Background: Neuromyelitis optica spectrum disorder (NMOSD) is a commonly misdiagnosed condition. Driven by cost-consciousness and technological fluency, distinct generations may gravitate towards healthcare alternatives, including artificial intelligence (AI) models, such as ChatGPT (Generative Pre-trained Transformer). Our objective was to evaluate the speed and accuracy of ChatGPT-3.5 (GPT-3.5) in the diagnosis of people with NMOSD (PwNMOSD) initially misdiagnosed.

Methods: Misdiagnosed PwNMOSD were retrospectively identified with clinical symptoms and time line of medically related events processed through GPT-3.5. For each subject, seven digital derivatives representing different races, ethnicities, and sexes were created and processed identically to evaluate the impact of these variables on accuracy. Scoresheets were used to track diagnostic success and time to diagnosis. Diagnostic speed of GPT-3.5 was evaluated against physicians using a Cox proportional hazards model, clustered by subject. Logistical regression was used to estimate the diagnostic accuracy of GPT-3.5 compared with the estimated accuracy of physicians.

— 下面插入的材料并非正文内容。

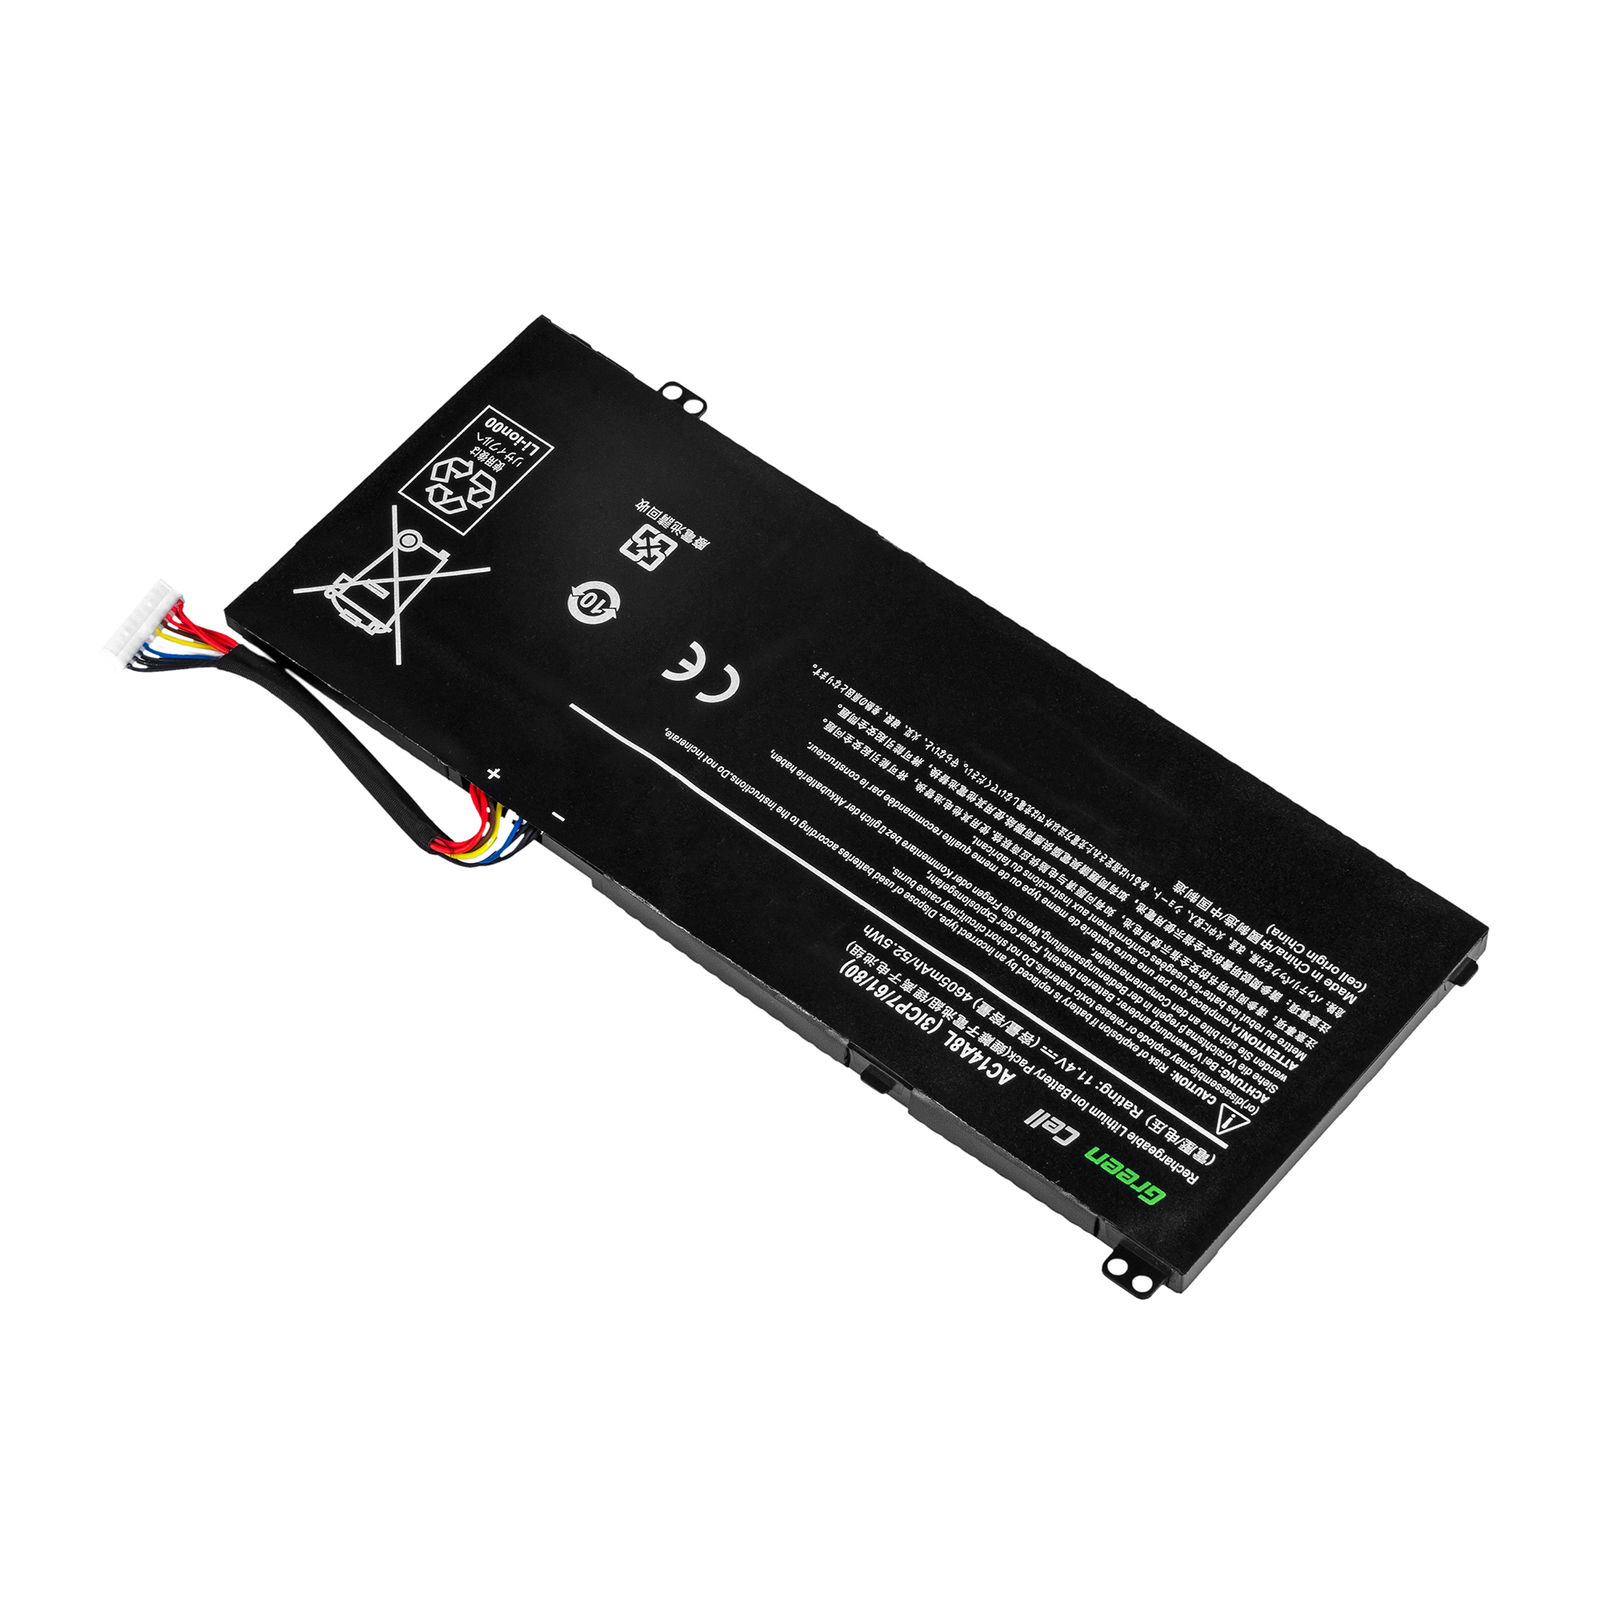 Accu voor AC14A8L ACER Aspire VN7-571,VN7-571G,VN7-591,VN7-591G,VN7-791,VN7-791G(compatible)

Results: Clinical time lines for 68 individuals (59 female, 42 Black/African American, 13 White, 11 Hispanic, 2 Asian; mean age at first symptoms 34.4 years (y) (standard deviation = 15.5y)) were analyzed and 476 digital simulations created, yielding 544 conversations for analysis. The instantaneous probability of correct diagnosis was 70.65% less for physicians relative to GPT-3.5 within 240 days of symptom onset (p < 0.0001). The estimated probability of correct diagnosis for GPT-3.5 was 80.88% [95% CI = (76.35%, 99.81%)].

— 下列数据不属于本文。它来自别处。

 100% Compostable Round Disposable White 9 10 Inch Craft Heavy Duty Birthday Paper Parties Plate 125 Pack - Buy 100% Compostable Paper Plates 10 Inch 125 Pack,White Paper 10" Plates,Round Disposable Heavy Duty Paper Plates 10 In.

Conclusion: GPT-3.5 may be of value in recognizing NMOSD. However, the manner in which medical information is conveyed, combined with the potential for inaccuracies may result in unnecessary psychological stress.

求助全文

通过发布文献求助，成功后即可免费获取论文全文。去求助

来源期刊

Journal of the Neurological Sciences 医学-临床神经学

CiteScore

7.60

自引率

2.30%

发文量

313

审稿时长

22 days

期刊介绍： The Journal of the Neurological Sciences provides a medium for the prompt publication of original articles in neurology and neuroscience from around the world. JNS places special emphasis on articles that: 1) provide guidance to clinicians around the world (Best Practices, Global Neurology); 2) report cutting-edge science related to neurology (Basic and Translational Sciences); 3) educate readers about relevant and practical clinical outcomes in neurology (Outcomes Research); and 4) summarize or editorialize the current state of the literature (Reviews, Commentaries, and Editorials). JNS accepts most types of manuscripts for consideration including original research papers, short communications, reviews, book reviews, letters to the Editor, opinions and editorials. Topics considered will be from neurology-related fields that are of interest to practicing physicians around the world. Examples include neuromuscular diseases, demyelination, atrophies, dementia, neoplasms, infections, epilepsies, disturbances of consciousness, stroke and cerebral circulation, growth and development, plasticity and intermediary metabolism.